In #Maine prisons, #NativeAmerican #SweatLodges are part of the program
A #Passamaquoddy elder has led over 100 sweats for inmates since 2007.
Reuben M. Schafir, Posted November 6, 2025
WINDHAM — "When the tarps of the sweat lodge are pulled back, a swirling cloud of steam wafts up toward the bear pelt draped overhead.
"It dissipates before reaching the razor wire that caps the fences around the recreation yard at the #MaineCorrectionalCenter.
"Between rounds in the ceremony, voices from inside command the retrieval of rocks warming in a fire pit a few feet away. Women carefully lift the rocks with shovels over an altar bearing a cedar bough and a turtle shell, and into the lodge.
"As Savannah Smith, 28, crawls out of the roughly 12-foot-wide structure, she grins.
'It’s a lot right now,' she said, her calves dotted with goosebumps as her body readjusts to the cool fall air after two hours inside the lodge.
"Her halting voice and still-glistening eyes give her away: 'I cried at every session we had.'
"It’s been nearly 20 years since #IndigenousPeople in Maine’s prisons won the right to practice their religion while incarcerated. Inmates say sweat ceremonies help them stay sober and connect them to their communities. And the state’s corrections commissioner heralds them as a sign of Maine’s #inclusivity and says they are part of a progressive approach to ensuring safety inside prisons and reducing the likelihood of future offenses.
"Since inmates won the right to hold sweat ceremonies, #BrianAltvater has traveled from his Down East home on the #PassamaquoddyReservation at #Sipayik (#PleasantPoint) to facilitate them.
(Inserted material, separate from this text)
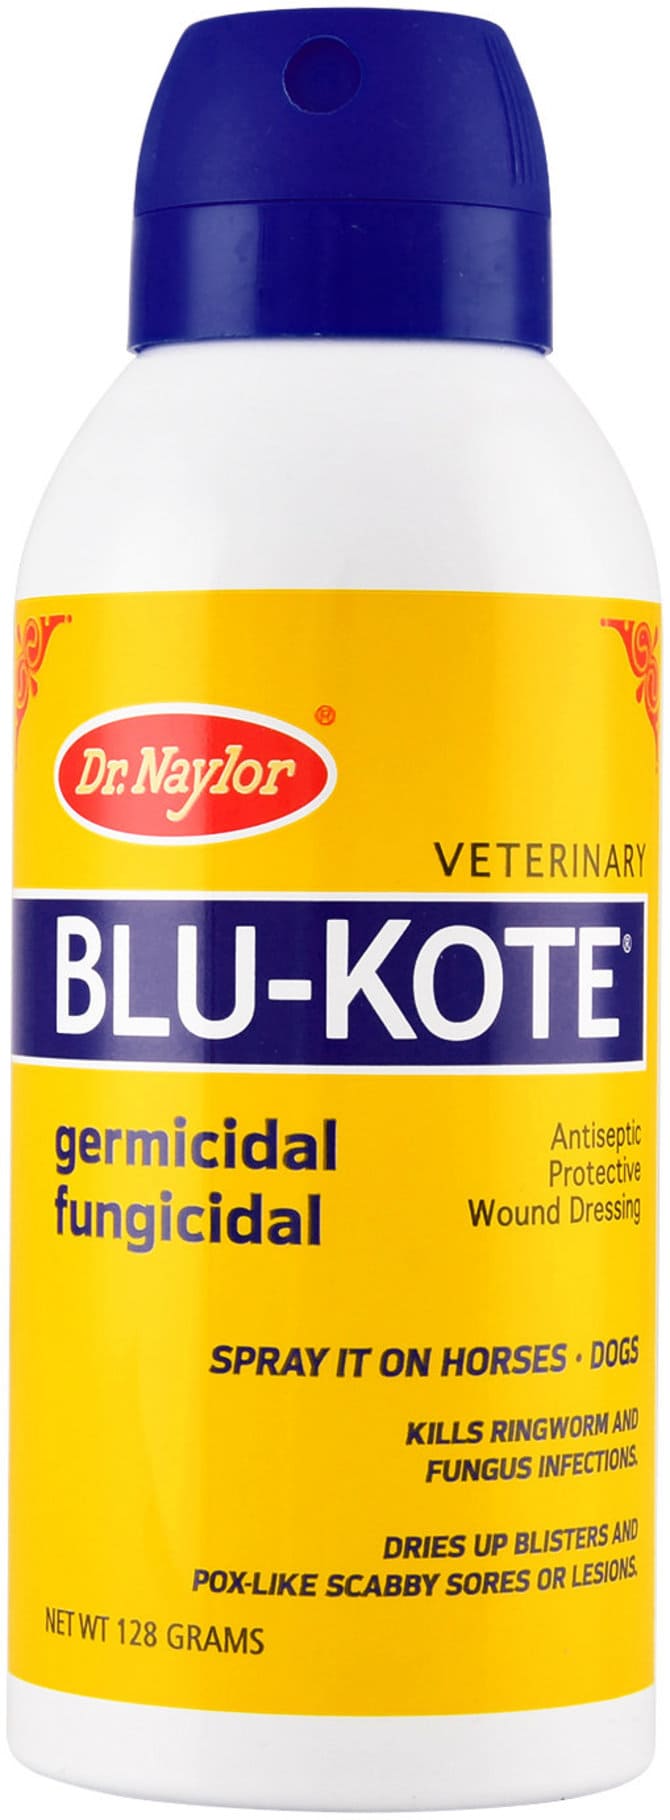 Dr. Naylor Blu-Kote 5 oz germicidal/fungicidal aerosol 1

He is a #PipeCarrier and a #SweatLodgeKeeper — designations, he explained, that are chosen by the ancestors.
" 'I don’t deserve to be a pipe carrier and do this sort of work,' he told his teacher, David Gehue of #Sipeknekatik, Nova Scotia, when Gehue noticed his potential.
'Deserve’s got nothing to do with it,' Gehue, himself a respected spiritual leader, said. 'Once the ancestors pick you, you don’t have a choice.'
" 'Let me think about it,' Altvater said.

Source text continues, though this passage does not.